Verder overweegt de voorzieningenrechter dat de door verweerder ingeschakelde groenadviseur in zijn advies van 21 december 2022 de weigeringsgronden benoemt van artikel 5, eerste lid, van de Bomenverordening 2014 en concludeert dat bij geen sprake is van bijzondere waarden. Dat betekent dat een bevoegdheid tot weigering bestaat en daarmee een verplichting om een belangenafweging te maken. Die belangenafweging staat in het advies van de bezwaarschriftencommissie. De commissie begrijpt enerzijds dat verzoekers de bomen willen behouden omdat deze zorgen voor een groen uitzicht, van belang zijn voor de leefomgeving en dieren en in algemene zin natuurwaarden hebben. Anderzijds is het belang van vergunninghouder erin gelegen dat de bodem op het perceel in het verleden is vervuild door industrie, moet worden gesaneerd en dat verweerder al langere tijd de wens heeft om de bestemming van het perceel om te zetten van industrie naar wonen. De commissie weegt de belangen af door aan te geven dat de bomen geen bijzondere waarden hebben op grond waarvan de kapvergunning moet worden geweigerd. Ook is aan de vergunning een herplantplicht van 125 bomen verbonden, zodat de groenwaarde op deze locatie zal worden hersteld. Nu zich geen weigeringsgronden voordoen, vindt de commissie het belang van verweerder bij de kap zwaarder wegen dan de belangen van verzoekers bij behoud van de bomen. Gelet op het voorgaande is de voorzieningenrechter van oordeel dat verweerder deze belangenafweging in redelijkheid zo heeft kunnen maken. Bovendien is voldoende verzekerd dat er 125 bomen worden herplant vóór 1 april 2024, omdat dit als nader voorschrift aan de kapvergunning is verbonden. Indien dat niet gebeurt, kunnen verzoekers (en anderen) op dit voorschrift een beroep doen door handhaving daarvan te verzoeken.

Conclusie en gevolgen

5. Gelet op het voorgaande heeft verweerder de omgevingsvergunning kunnen verlenen. Het beroep is ongegrond. Omdat het beroep ongegrond is, bestaat er geen aanleiding om een voorlopige voorziening te treffen.
5.1.
De voorzieningenrechter ziet ook geen aanleiding voor een proceskostenveroordeling of een vergoeding van het door verzoekers betaalde griffierecht.

Beslissing

De voorzieningenrechter:
  • verklaart het beroep ongegrond;
  • wijst het verzoek om voorlopige voorziening af.
Deze uitspraak is gedaan door mr. A.C. Loman, voorzieningenrechter, in aanwezigheid van mr. M.M. Mazurel, griffier.

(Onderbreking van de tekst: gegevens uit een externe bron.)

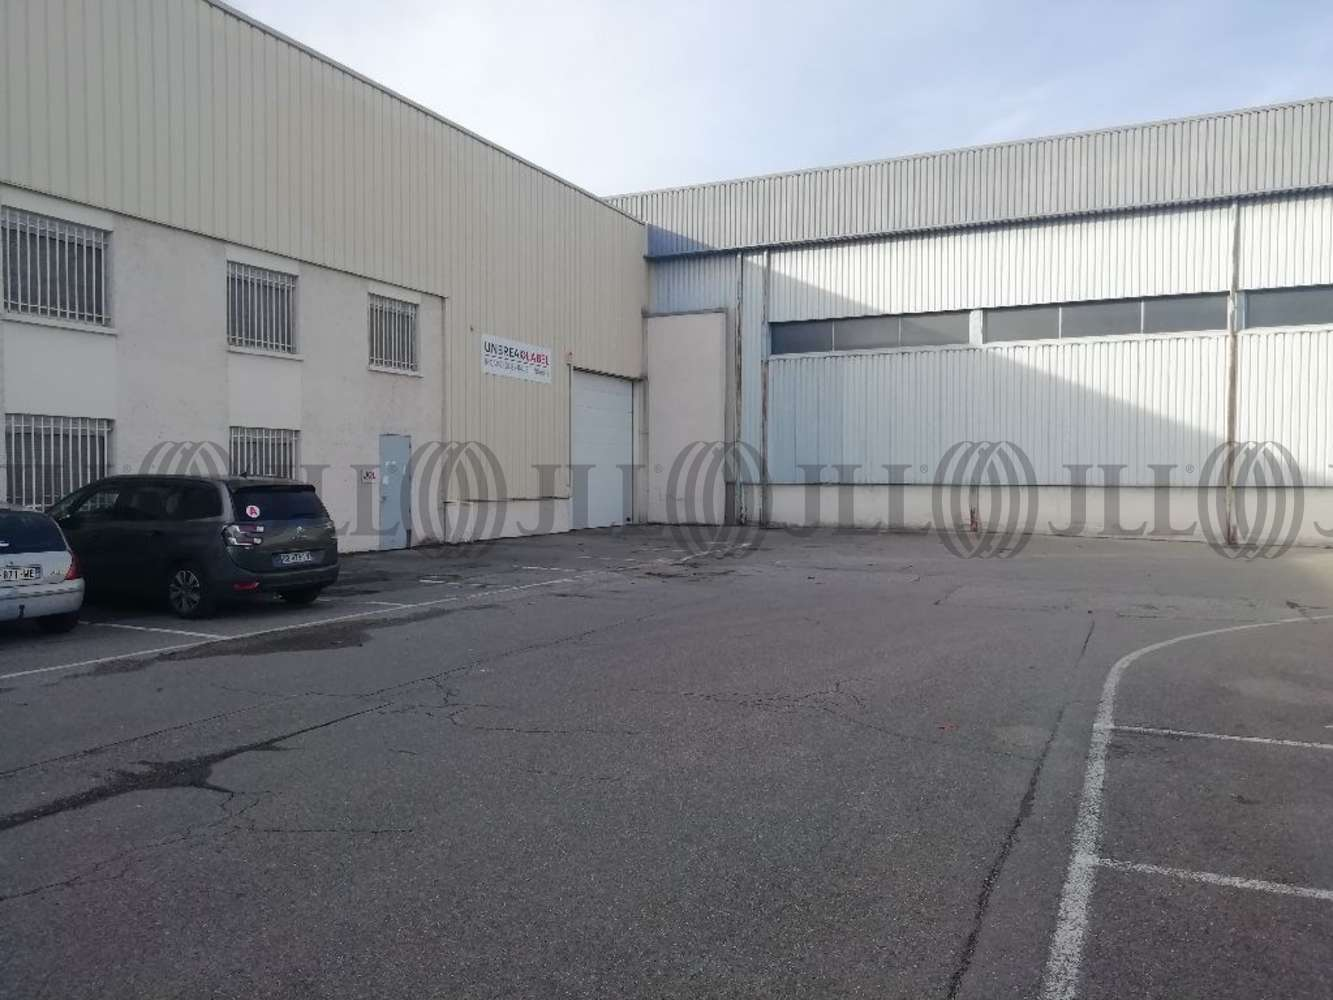 Activités/entrepôt Villeurbanne, 69100 - Location entrepot Villeurbanne (Lyon) - 9861552

De uitspraak is uitgesproken in het openbaar op
8 augustus 2023.
griffier
voorzieningenrechter
Een afschrift van deze uitspraak is verzonden aan partijen op:

Informatie over hoger beroep

Een partij die het niet eens is met deze uitspraak voor zover deze gaat over het beroep, kan een hogerberoepschrift sturen naar de Afdeling bestuursrechtspraak van de Raad van State waarin wordt uitgelegd waarom deze partij het niet eens is met deze uitspraak voor zover deze gaat over het beroep. Het hogerberoepschrift moet worden ingediend binnen zes weken na de dag waarop deze uitspraak is verzonden. Kan de indiener de behandeling van het hoger beroep niet afwachten, omdat de zaak spoed heeft, dan kan de indiener de voorzieningenrechter van de Afdeling bestuursrechtspraak van de Raad van State vragen om een voorlopige voorziening (een tijdelijke maatregel) te treffen. Tegen deze uitspraak voor zover deze gaat over de voorlopige voorziening staat geen hoger beroep open.

Voetnoten

1.Artikel 8:86 van de Algemene wet bestuursrecht (Awb) maakt dat mogelijk.
2.De oorspronkelijke aanvraag zag op het kappen van 86 bomen, maar omdat 1 boom behouden blijft, is het aantal bijgesteld naar 85.
3.Bereikbaarheid, Leefbaarheid, Veiligheid en Communicatie.
4.Wet algemene bepalingen omgevingsrecht.
5.Als bedoeld in artikel 2.2., eerste lid, onder g, van de Wabo.
6.“standaard bomen”, met een stamomtrek tussen de 18 en 20 centimeter gemeten op 1 meter hoogte.